I created several programs that collect a large amount of information and store it in raw form in the Mongo database. Later, at predetermined time periods, map_reduce operations are map_reduce that evaluate subsets of this information.
Raw data must be stored, cannot be deleted, but map_reduce operations map_reduce not necessarily need the results of all raw data to work. Instead, I built map_reduce operations map_reduce that they can only work with the latest collected data that remains to be evaluated. The second map_reduce operation map_reduce called later, which handles the reduction of refined source data.
Then I need to specify a query filter so that the raw data that was once reduced is not reduced in every map_reduce operation. The solution I came across was to specify a filter (or pass the map_reduce request to the request) that would select ONLY records with the date_collected field newer than the given date.
At first I tried using the following code:
for k in SomeData.objects.filter(date_collected__gt=BULK_REQUEST_DATE).map_reduce(map_f, reduce_f, {'merge':'COLLECTION'}): print k.value
I also tried this with a smaller filter (just to make sure I didn't think about dates back). This also did not work.
Now here is what is interesting.

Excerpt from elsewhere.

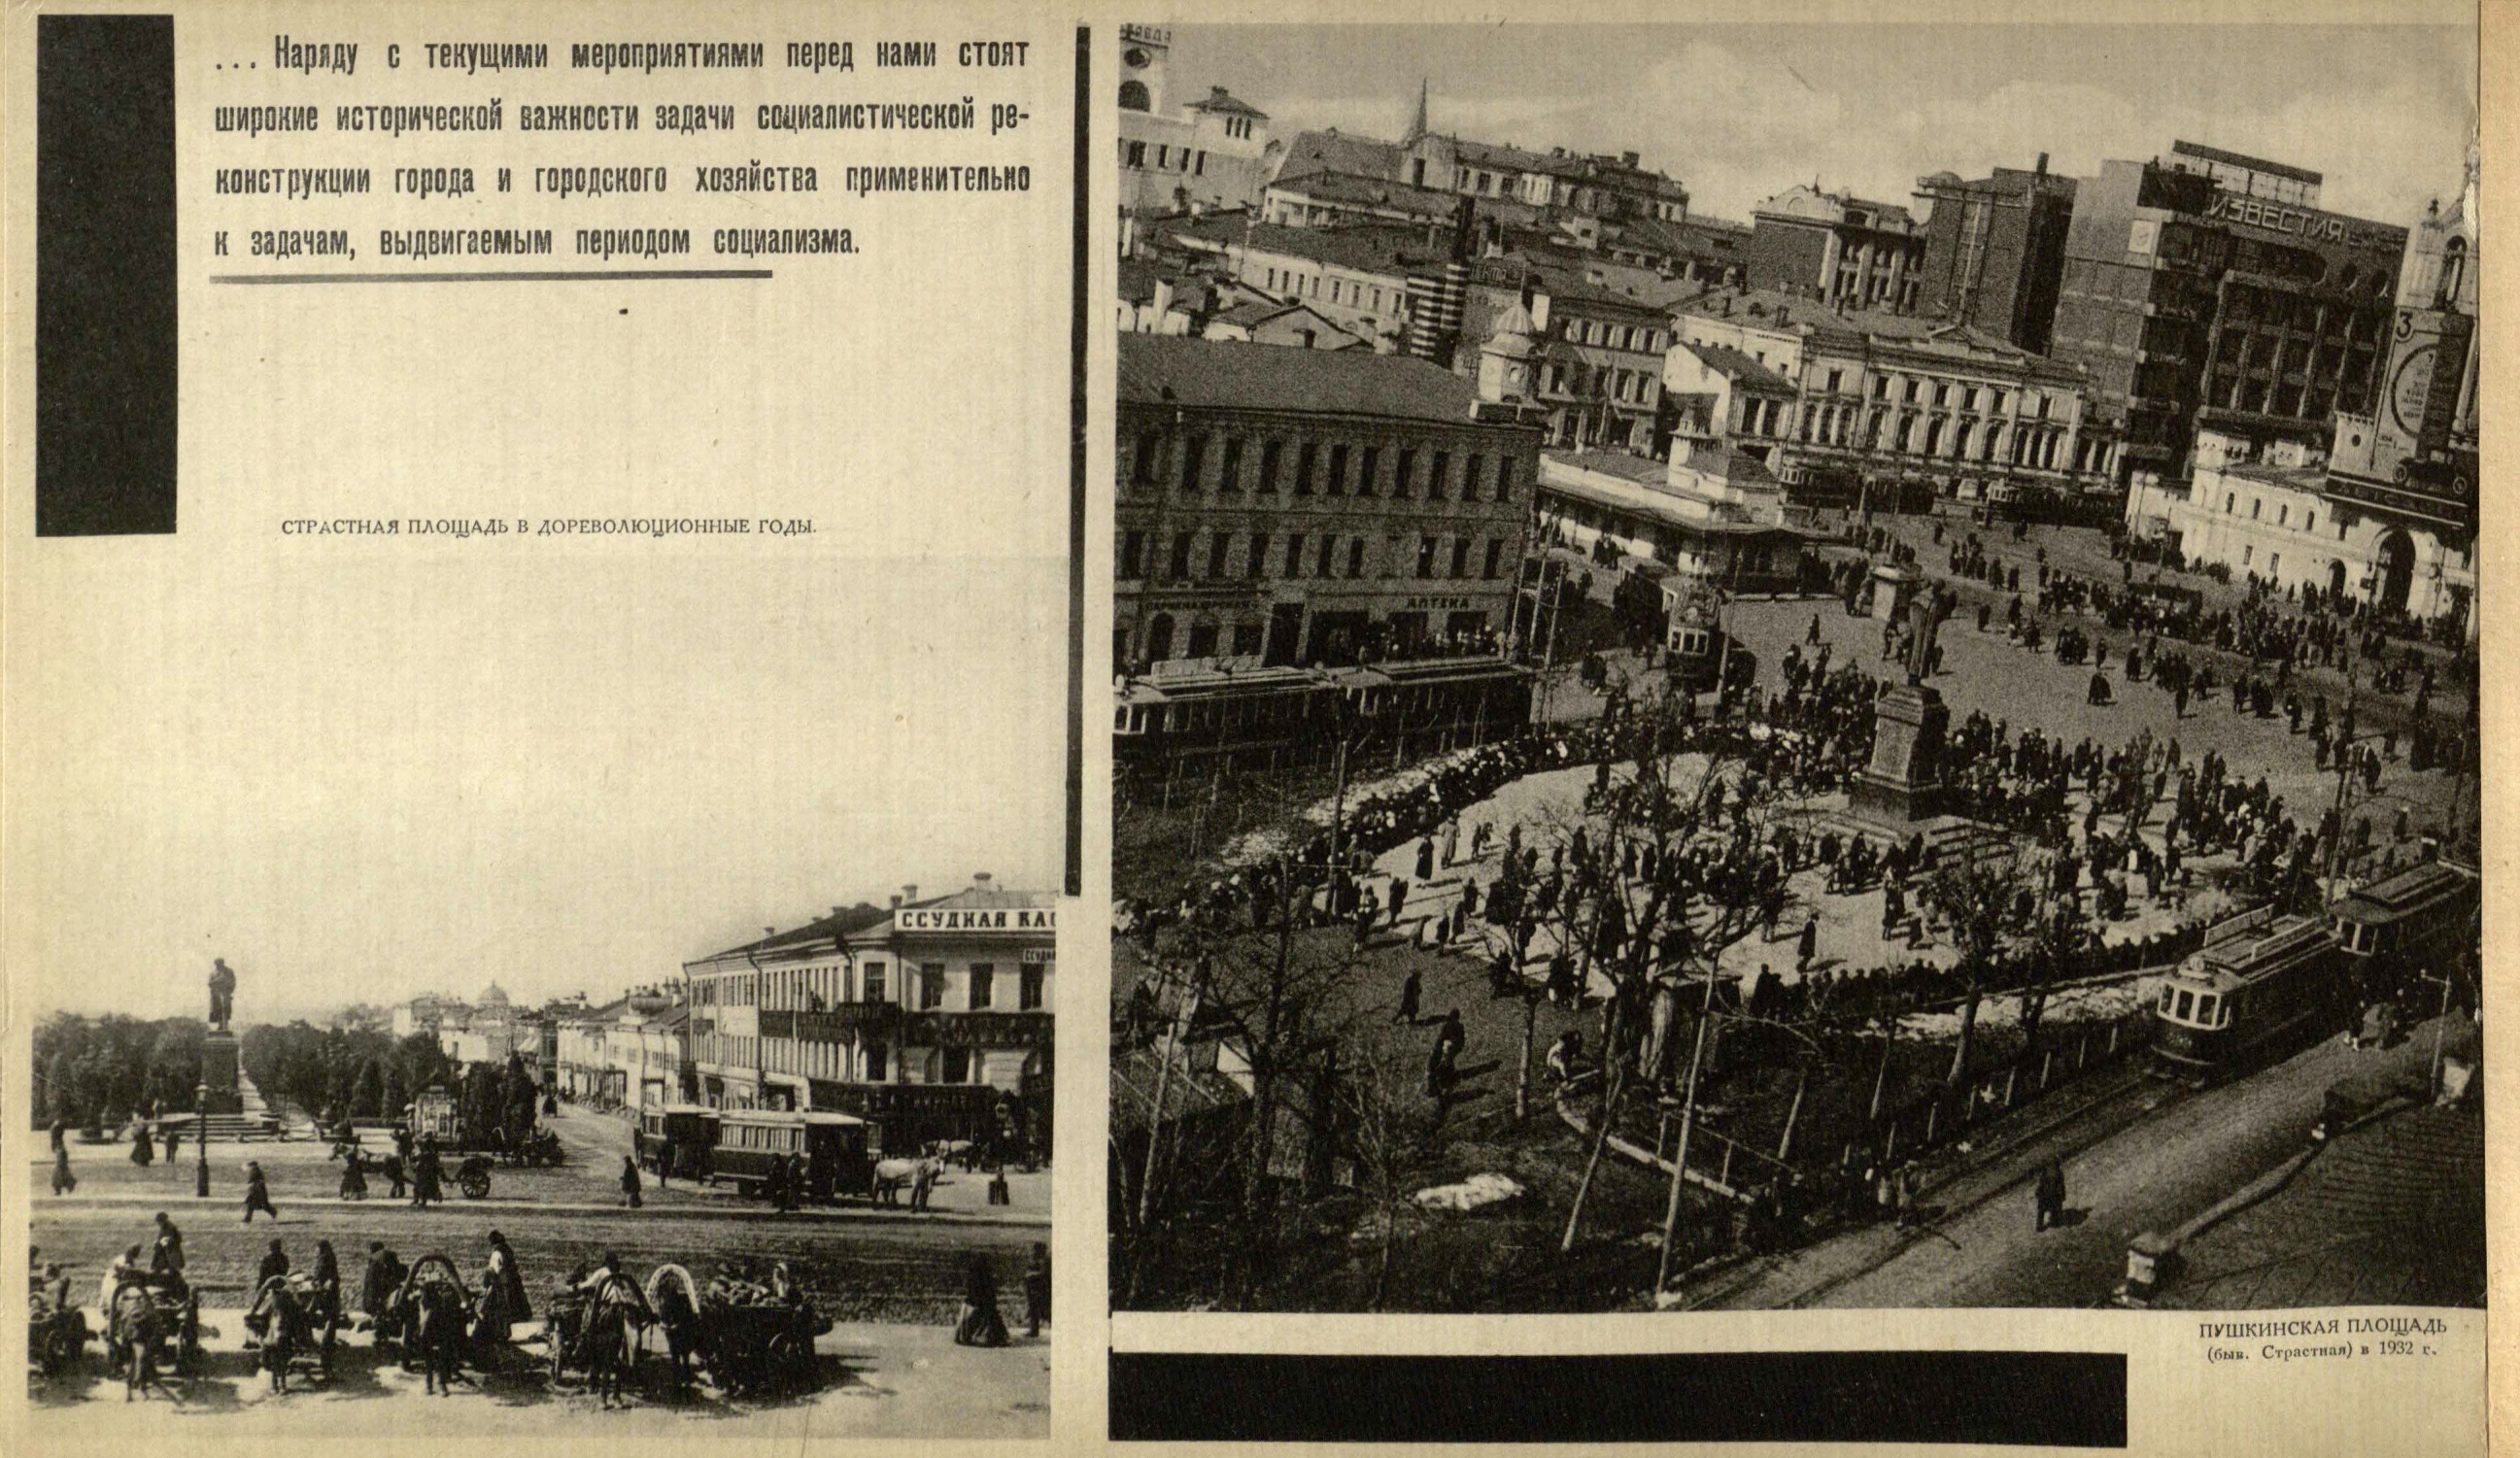 Страстная площадь в дореволюционные годы. Пушкинская площадь (быв. Страстная) в 1932 г.

If I were to remove the chain_reduce method call with chain and type k on top, as in:
for k in SomeData.objects.filter(date_collected__gt=BULK_REQUEST_DATE): print k
The filter works fine, and only data collected after a certain point in time is selected.
Then I hacked the MongoEngine queryset.py module and added an optional parameter to the map_reduce method map_reduce that the request could be passed to the map_reduce function, as in:
q = {'date_collected' : {'$lte' : BULK_REQUEST_DATE}} for k in SomeData.objects.filter(date_collected__lte=BULK_REQUEST_DATE).map_reduce(map_f, reduce_f, {'merge':'COLLECTION'}, query=q): print k.value
Again, this did not produce the expected results. However, there were no errors. I was able to cancel the map_reduce operation by submitting an incorrectly configured request or by changing the $lte advanced query operator to something like $asdfjla , so I know that any request that I missed the map_reduce method was evaluated and at least did not cause problems.
In all of the above methods for executing the map_reduce operation, the completeness of all data in the raw storage was analyzed. None of my attempts violated the map_reduce operation, but they were also unable to limit the request to a subset of the data.
Can anyone point out a flaw in my date comparison logic?
Dates are stored in the mongo database as python datetime.time. I also tried changing dates in ISOformat before comparing two dates. This does not work on python or javascript side.
Any help would be greatly appreciated! Thanks.
UPDATE
I decided that the problem is NOT with MongoEngine.
The problem is how PyMongo Datetime objects are compared in javascript using operators such as "$ gte" or "$ lte". For some reason, datetime objects are not treated as such or are not properly converted to javascripts dates.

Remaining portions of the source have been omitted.